The raw goods of The Holdovers are by themselves promising enough: who doesn’t love a crisp, cozy Christmas holiday in Boston, one during which closed-off human beings discover their true capacity to care for one another? Payne goes for all the right retro-touches: the young guys’ shaggy haircuts, the requisite Badfinger needledrop. He even opens the film with vintage Miramax and Focus Features logos.
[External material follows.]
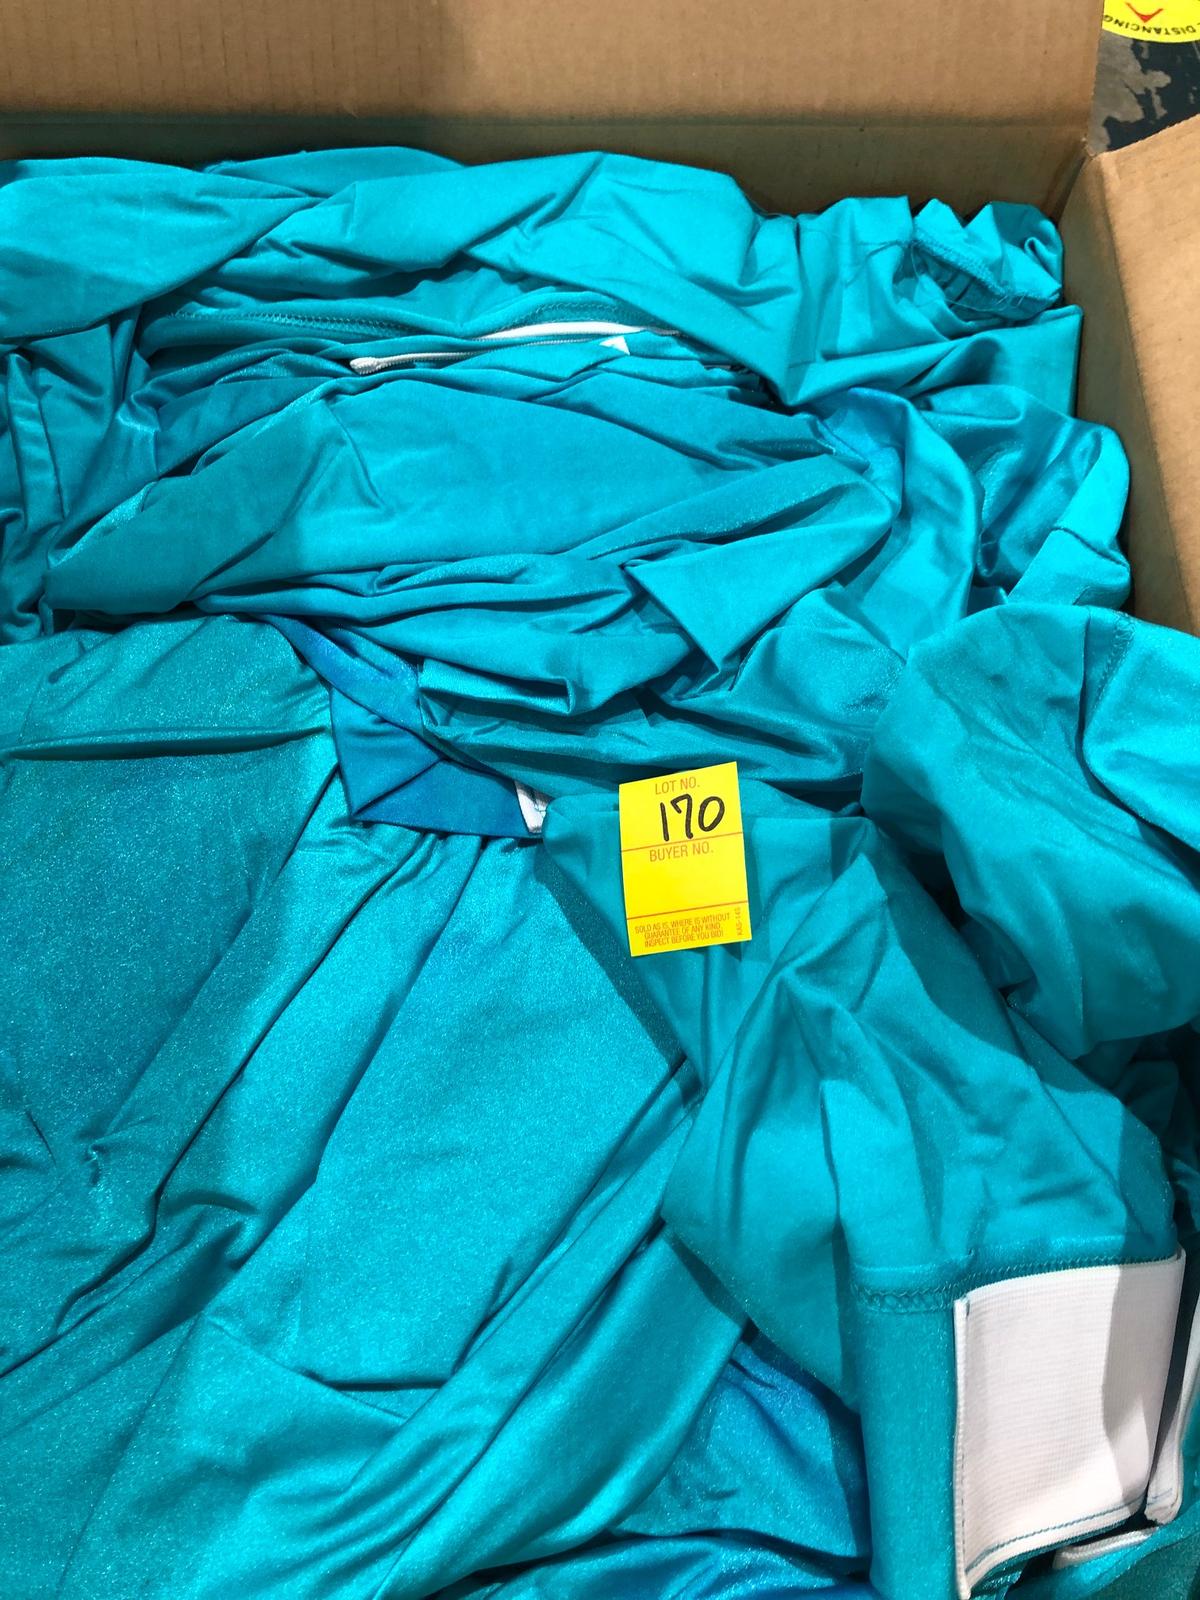 2 BOXES OF 60 TURQUOISE SPANDEX ROUND TABLE COVERS, X $

But there’s always so much emotional calculation involved in an Alexander Payne film. It’s not just that characters are surprised to learn they have actual feelings; it’s that Payne is surprised too, as if he’s suddenly looked around and realized, Wow, people really do need people! Suddenly, the fog lifts—why, Payne isn’t a satirical curmudgeon after all, but a clear-eyed sentimentalist who truly understands the unruly beauty of human nature. Nearly every Payne movie follows this formula, with the exception, perhaps, of the odd but undismissable Downsizing, a futuristic science-fiction comedy-romance about humans (Matt Damon and Kristen Wiig) who avail themselves of new technology that miniaturizes them so they’ll use fewer resources. It’s the one picture most Payne fans dislike, but also the one in which he takes the most daring chances. (It also features an extraordinary performance by Hong Chau.)
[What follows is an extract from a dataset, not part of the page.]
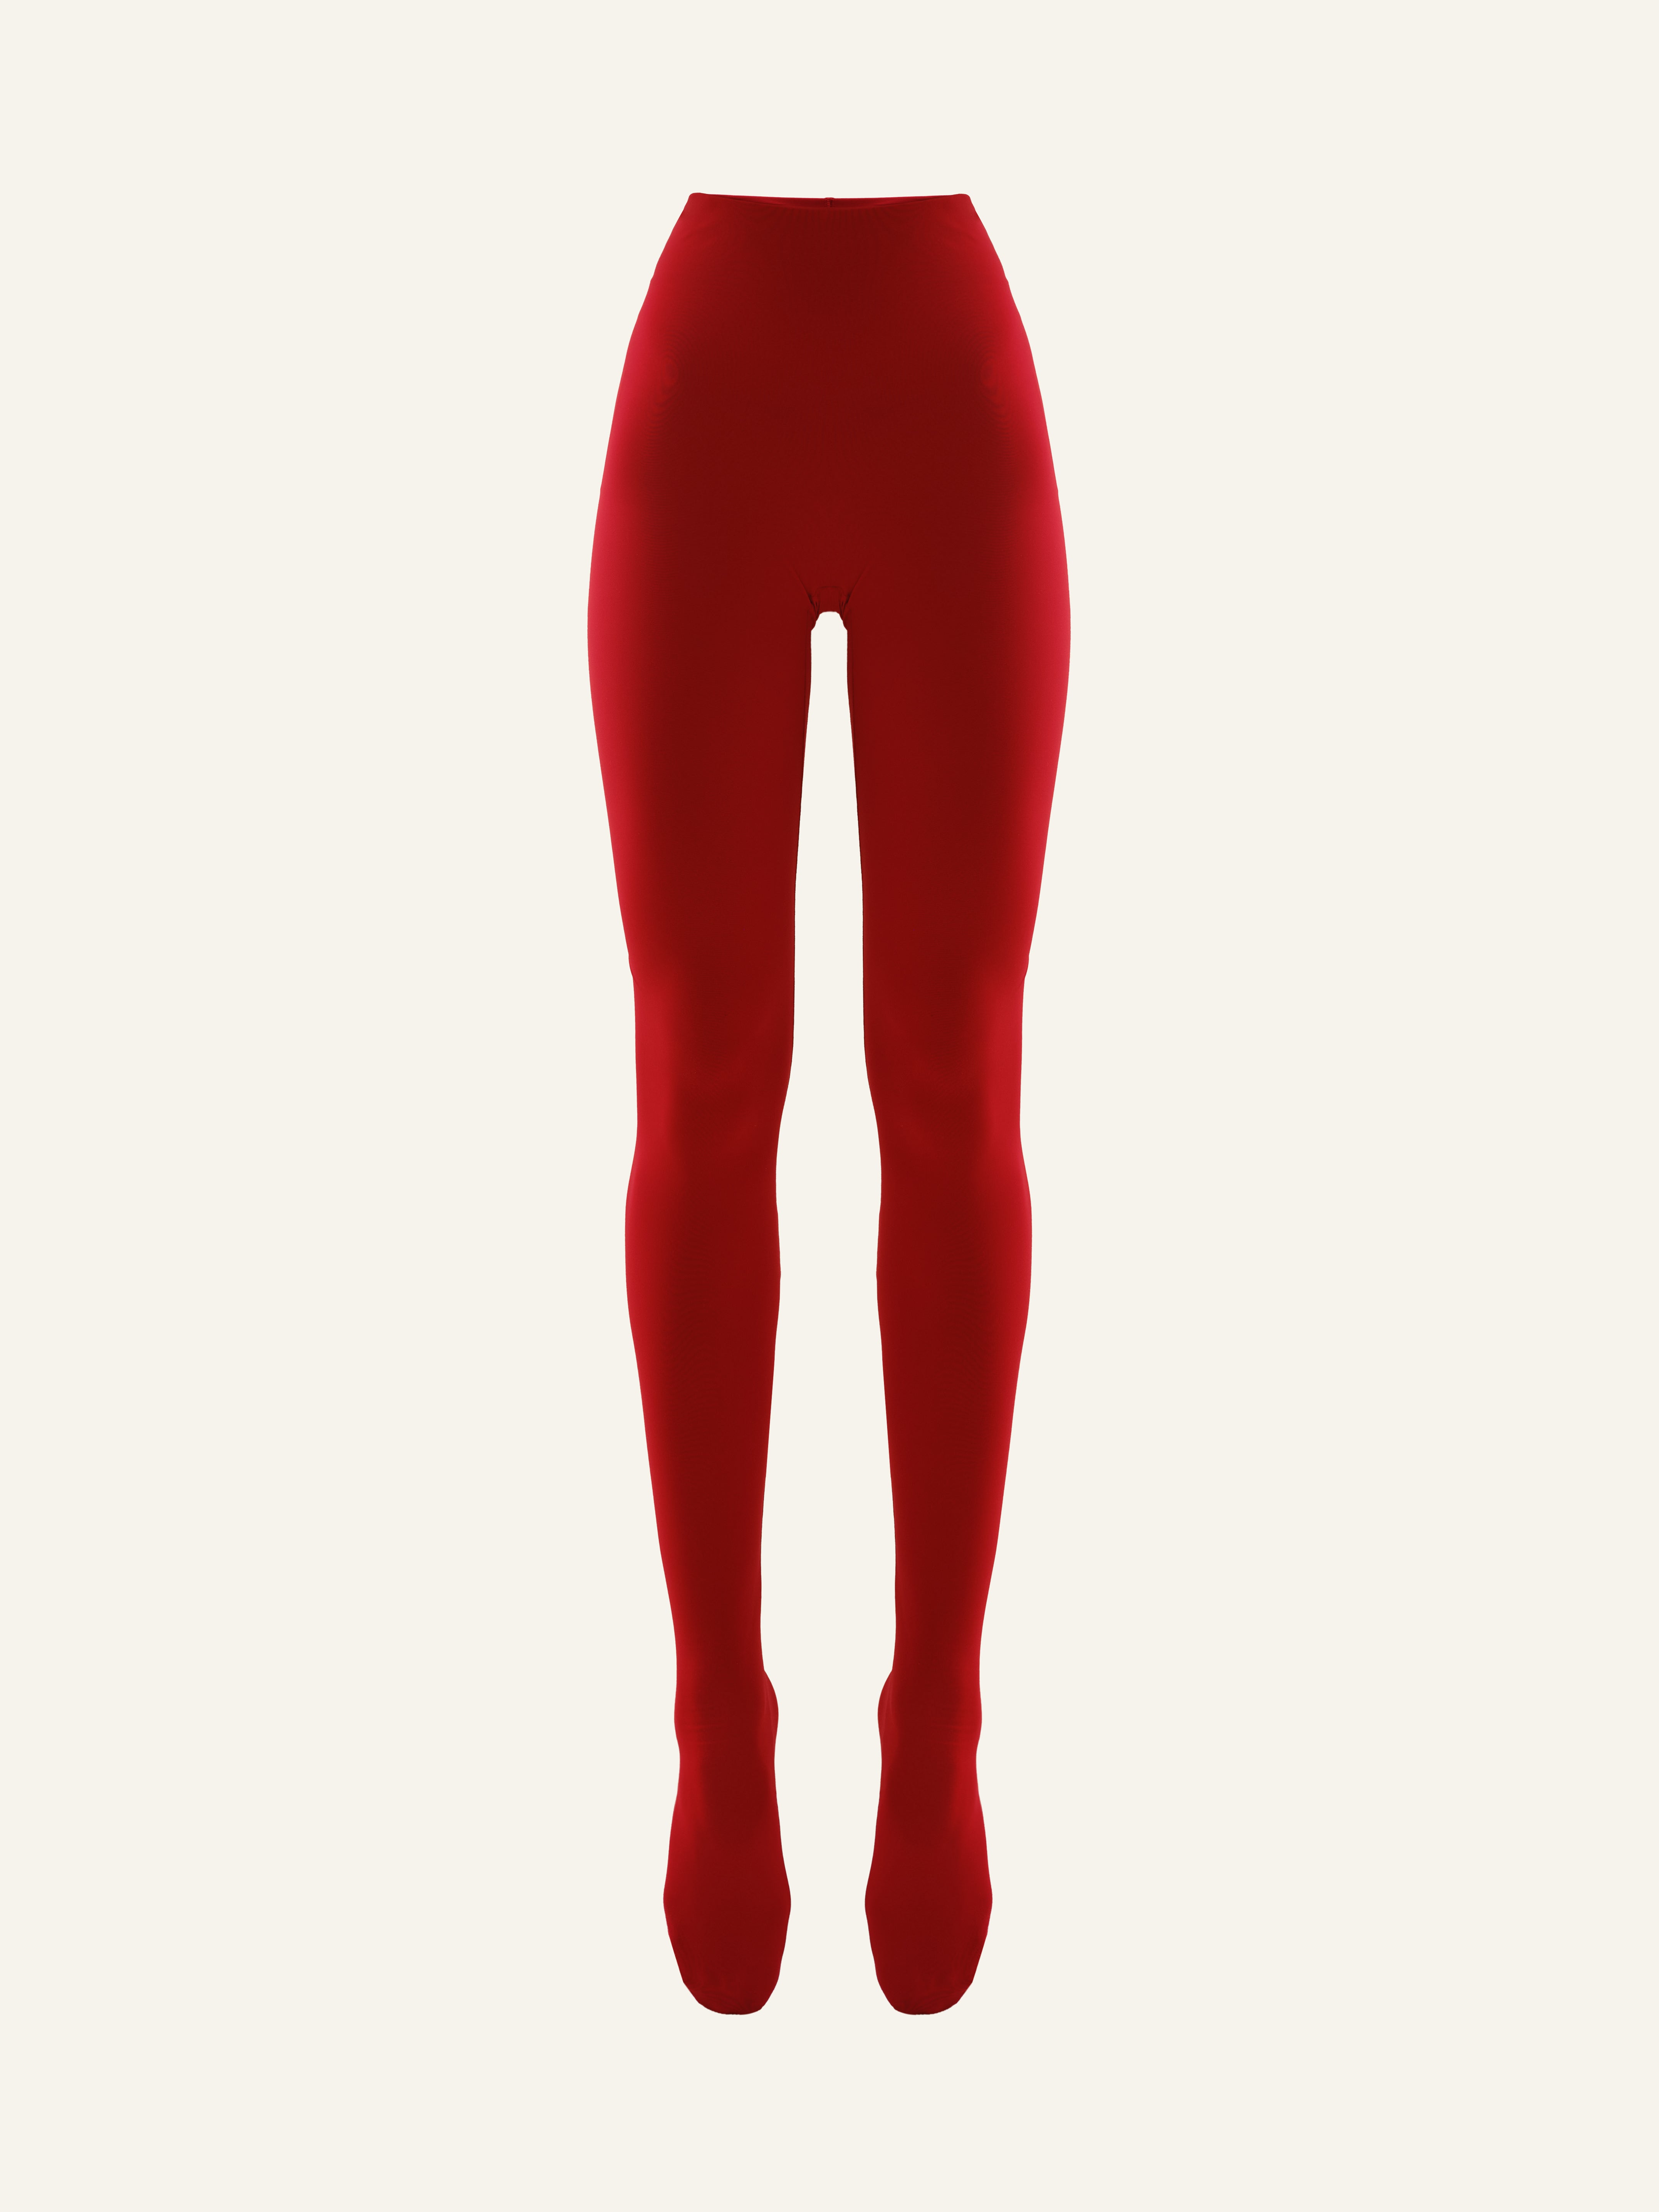 Product photo of red regenerated plastic high rise leggings

The Holdovers hasn’t challenged Payne in the same way, and there are moments of his usual sourness—the type of thing that his fans sometimes applaud him for, thinking of it as being edgy when it’s really just thoughtless. As Hunham browses with Tully through an outdoor book stall in Boston’s Combat Zone, an older sex worker propositions him. He rebuffs her more than once, assuring her, with his highly cultured diction, that he’s not in need of her services, though Tully urges him on, saying he should go for it if he wants. The point, maybe, is that our hearts are supposed to be warmed by the sight of a younger man telling an older, more repressed one that it’s OK to have a sex drive. The sex worker—disheveled, down on her luck—slinks away. She’s the pawn who’s been used to make the point, then summarily dismissed. Somehow, we’re supposed to feel good about all of it, as if we’ve just witnessed a Dickensian vignette of great human complexity.
The movie does have Giamatti going for it; he’s a wonderful actor, and he plays Hunham as one of those teachers who’s devoted to his specialty but has no idea how to link it to the real world. (In one of the movie’s finest scenes, set in Boston’s Museum of Fine Arts, he and Tully examine an ancient vase decorated with a copulating couple. “There’s nothing new in human experience,” he tells his young charge.) And Sessa, with his guarded eyes, walks a fine line: he’s just unpleasant enough to be believable, yet charming enough to be bearable. But any warmth The Holdovers gives off is the premeditated kind, like those heating packets you tuck into your mittens on cold days. They’re designed to do the job in the moment. But nothing beats a real fire.